Microgels at Interfaces Behave as 2D Elastic Particles Featuring Reentrant Dynamics

F Camerin and N Gnan and J Ruiz-Franco and A Ninarello and L Rovigatti and E Zaccarelli, PHYSICAL REVIEW X, 10, 031012 (2020).

DOI: 10.1103/PhysRevX.10.031012

Soft colloids are increasingly used as model systems to address fundamental issues such as crystallization and the glass and jamming transitions. Among the available classes of soft colloids, microgels are emerging as the gold standard. Since their great internal complexity makes their theoretical characterization very hard, microgels are commonly modeled, at least in the small-deformation regime, within the simple framework of linear elasticity theory. Here we show that there exist conditions where its range of validity can be greatly extended, providing strong numerical evidence that microgels adsorbed at an interface follow the two-dimensional Hertzian theory, and hence behave like 2D elastic particles, up to very large deformations, in stark contrast to what found in bulk conditions.

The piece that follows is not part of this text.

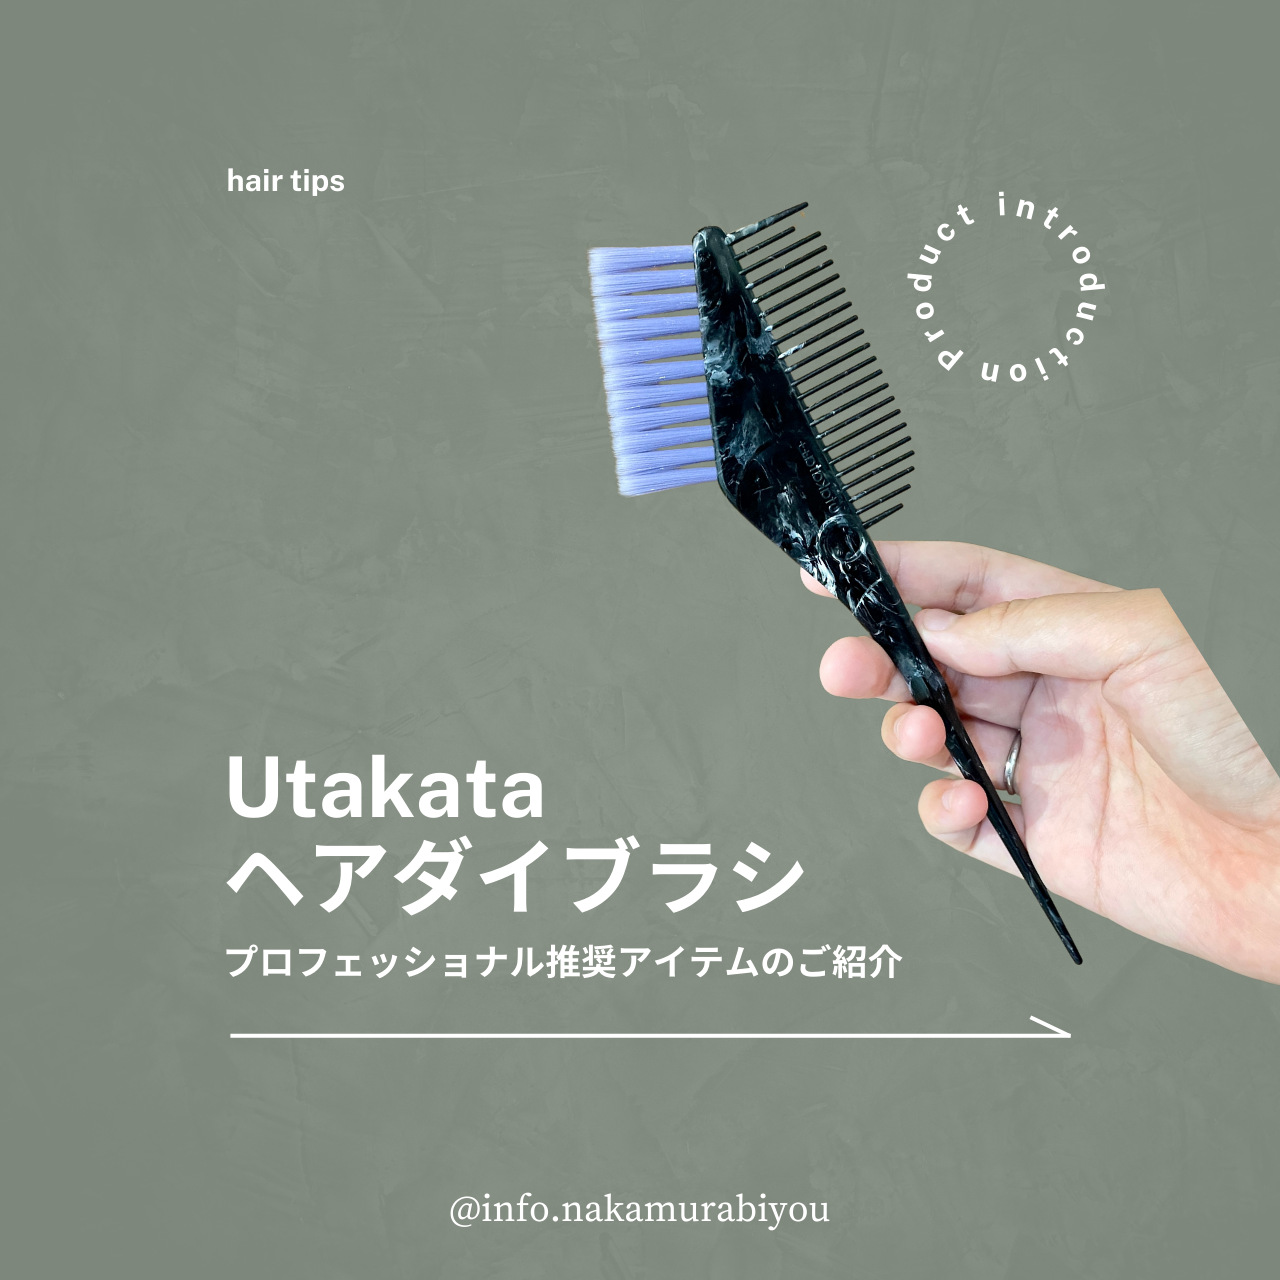 【プロフェッショナル推奨ツール】プロフェッショナル推奨アイテム utakataヘアダイブラシのご案内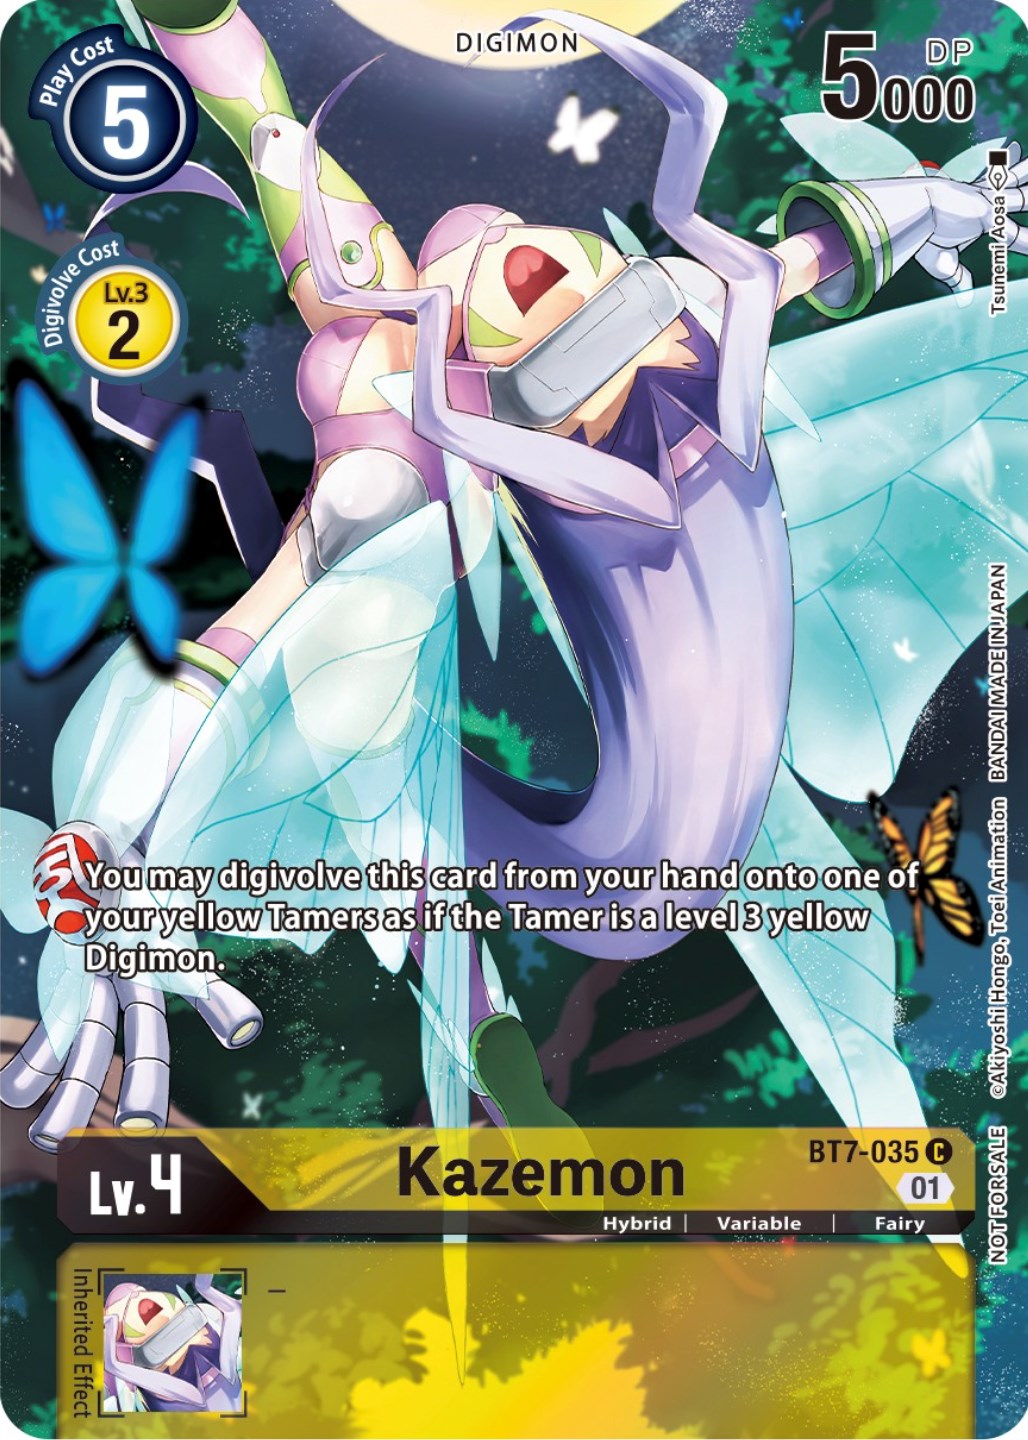 Kazemon [BT7-035] (2nd Anniversary Frontier Card) [Next Adventure Promos] | Shuffle n Cut Hobbies & Games

We are also able to estimate Young's modulus of the individual particles and, by comparing it with its counterpart in bulk conditions, we demonstrate a significant stiffening of the polymer network at the interface. Finally, by analyzing dynamical properties, we predict multiple reentrant phenomena: By a continuous increase of particle density, microgels first arrest and then refluidify due to the high penetrability of their extended coronas. We observe this anomalous behavior in a range of experimentally accessible conditions for small and loosely cross-linked microgels. The present work thus establishes microgels at interfaces as a new model system for fundamental investigations, paving the way for the experimental synthesis and research on unique highdensity liquidlike states. In addition, these results can guide the development of novel assembly and patterning strategies on surfaces and the design of novel materials with desired interfacial behavior.